Читаем Куда делся «совок», когда исчез Союз полностью

Я в своём ЖЖ как-то спросила читателей — у меня же там предположительно 20 тысяч читателей, которые меня зафрендили. Там бывают такие, Пашки-какашки, зафрендят тебя — вряд ли это собеседник, вряд ли я буду с Пашкой-какашкой долгими зимними вечерами разговаривать. Но кто-то же есть. И вот я закинула невод: вы кто, кто читаете, какие у вас три любимых писателя, поэта? И народ стал отвечать. Много народа очень ответили. Я даже пыталась составить какой-то портрет средний, но бросила это, потому что мне показалось, что я не вижу картину, которую читают люди, я вижу картину их ответов, как они считают нужным ответить. У них все поэты — Ахматова, Маяковский и Есенин. Чё-то я не верю. А художники — Дали, Моне, ну, Матисс. То есть такой бедный мир! Дальше импрессионистов они не знают.

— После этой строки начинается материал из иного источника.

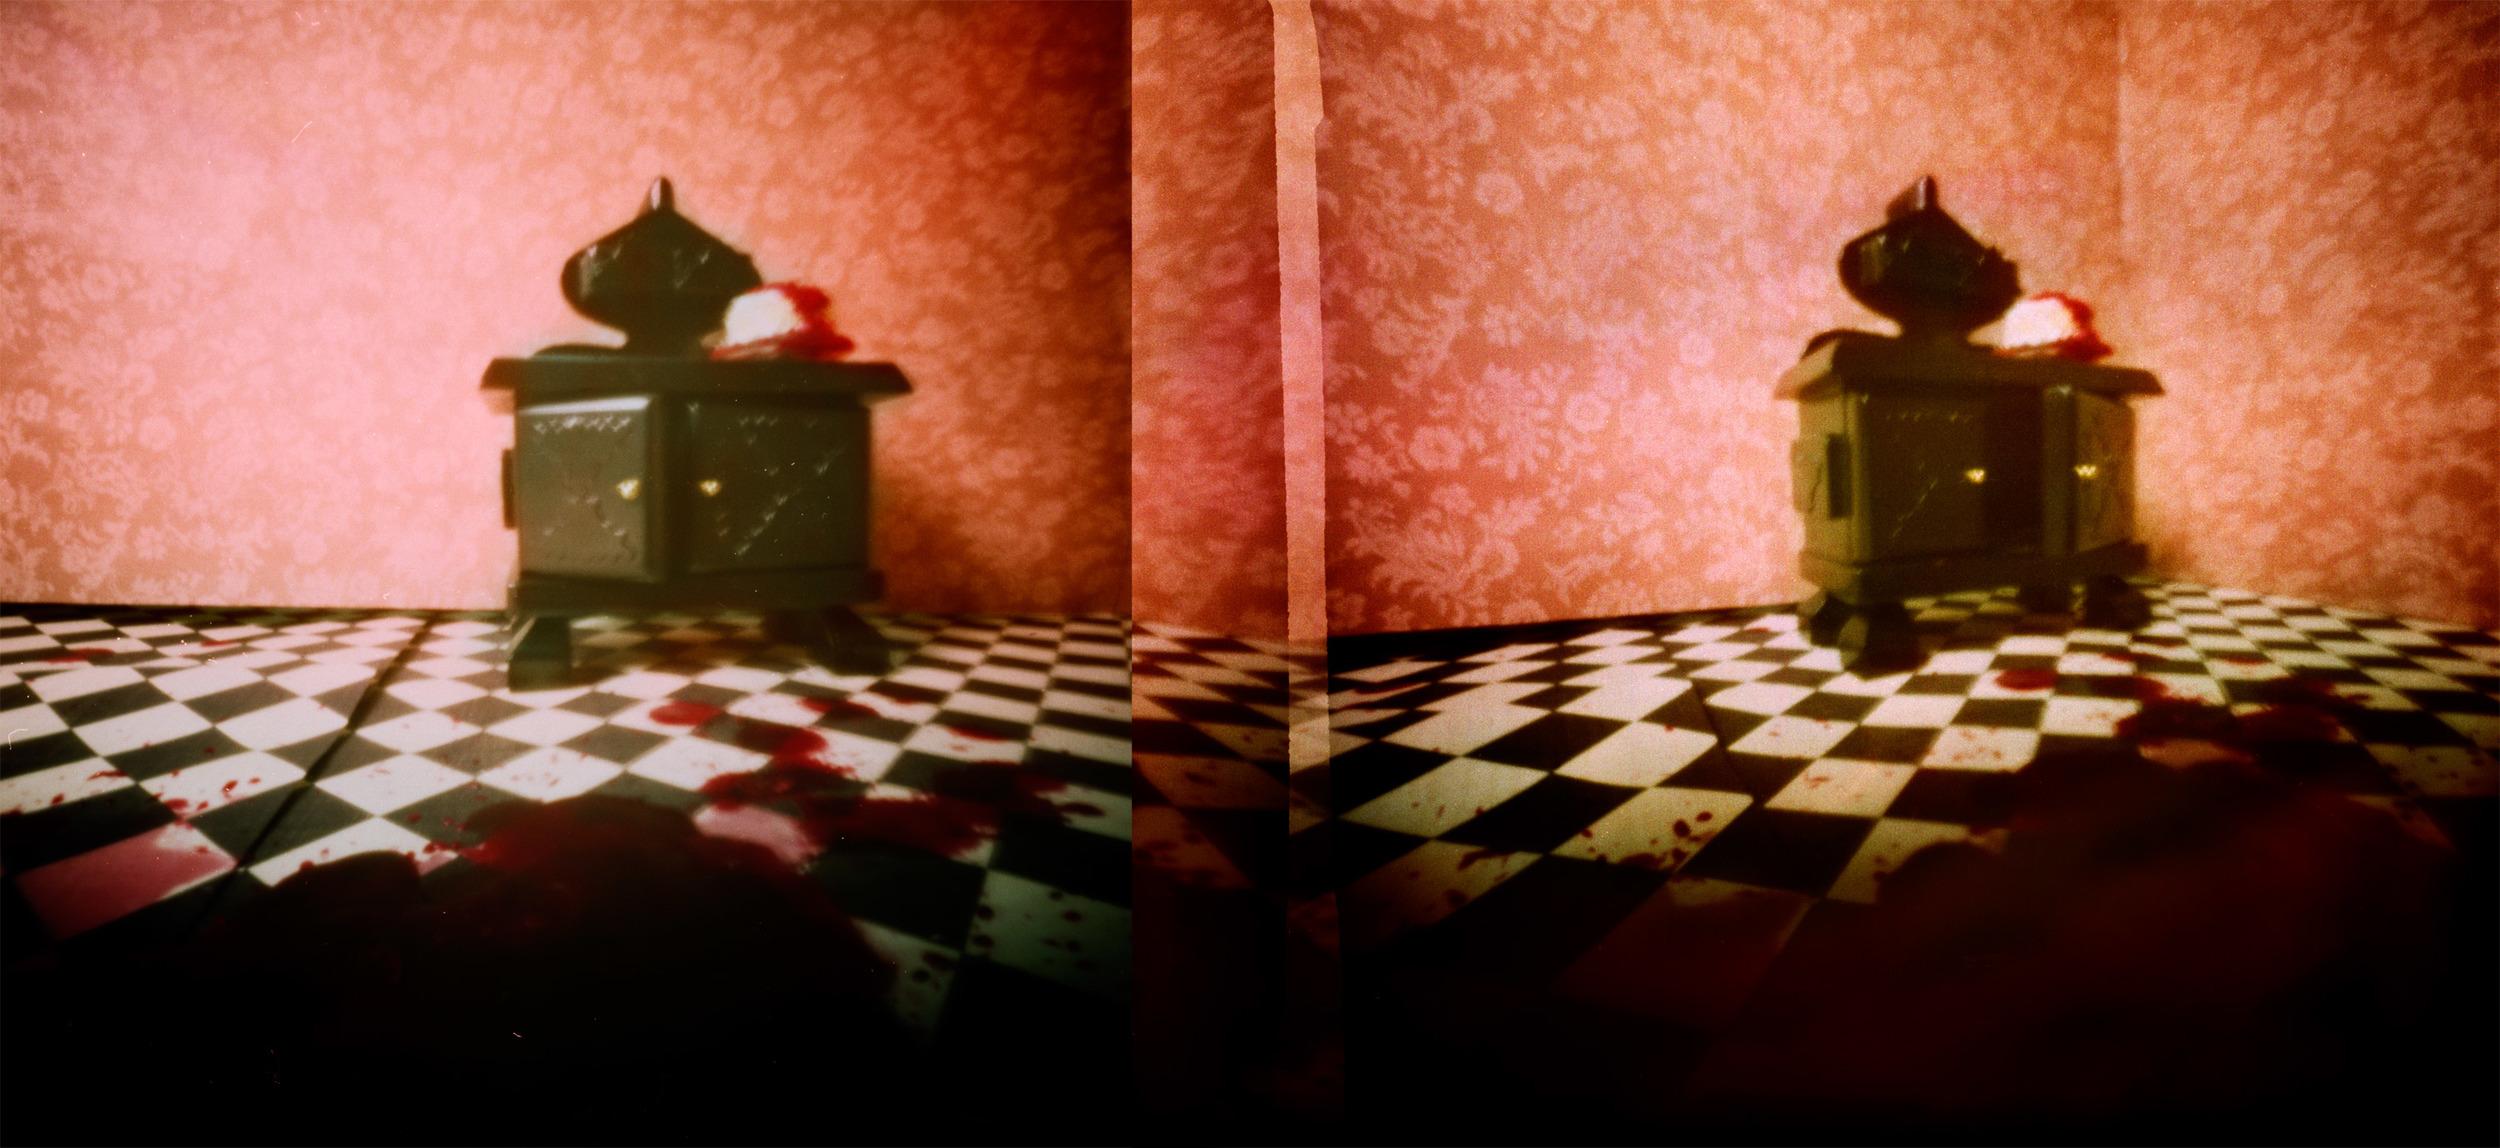 fairytalediptych1.jpg

Дзядко: А Вы бы как ответили на оба вопроса?

Толстая: Я не знаю. Я бы порушила шаблон, я бы не отвечала так вот — прямо три, я бы как-то с другой стороны зашла. Прямой ответ на прямо заданный вопрос — это тоже некоторый показатель. Я хочу сказать, что неизвестно, как люди читают, неизвестно, что они от этого берут. Поэтому эта самая читающая страна — это самая водящая глазами по строчкам, например. Научиться читать можно, если есть потребность, а кто мешает? Как говорил протопоп Аввакум про ангела, «нигде ему не загорожено». Дух веет, где хочет — меня никто не учил читать. Я хочу сказать, что ситуация не так выглядит, что в Советском Союзе все были наделены этим талантом, а потом вдруг раз — и он оскудел. Люди хотели чего-то, какого-то развлечения, не тупой конвейерной работы, а ещё чего-то. И одни читали, другие играли в шахматы, третьи мечтали, четвёртые смотрели телевизор. Сейчас телевизора стало больше, он довольно глуп и поверхностен, но есть люди, которые хотят, чтобы телевизор всё время их развлекал.

Из зала: Что Вы понимали и не понимали тогда?

Толстая: Я не могу ответить на этот вопрос. Да, да, ответьте.

Из зала: Я немножко позволю себе в бочку дёгтя подбросить ложечку хотя бы мёда. Всё было, безусловно, всё было. Но надо понимать, что было и то, и другое. И на целину мы ездили сами, никто нас не загонял, мы туда рвались, и втроём — я и две девочки — за четыре часа бросали лопаточками 20 тонн зерна. Всё это было. Что я конкретно хочу сказать по поводу того, что понимали. В девятом классе учитель русской литературы Земский дал нам задание. Он каждый раз давал нам список, и за год я прочитал 90 примерно книг. Причём имейте в виду: «Бруски», «Война и мир» 4 тома — это всё считалось за одну книгу, а брошюрочки просто не считались. Это не в Москве, это далеко в Ферганской долине, в городе Намангане. Из 43 человек нашего выпуска только 3 не поступили в самые престижные вузы Москвы. Когда я поступал в Военно-морское училище, нам давали 12 вариантов по три темы, и у меня обязательно хотя бы одно сочинение в каждом из вариантов было написано за последние три года.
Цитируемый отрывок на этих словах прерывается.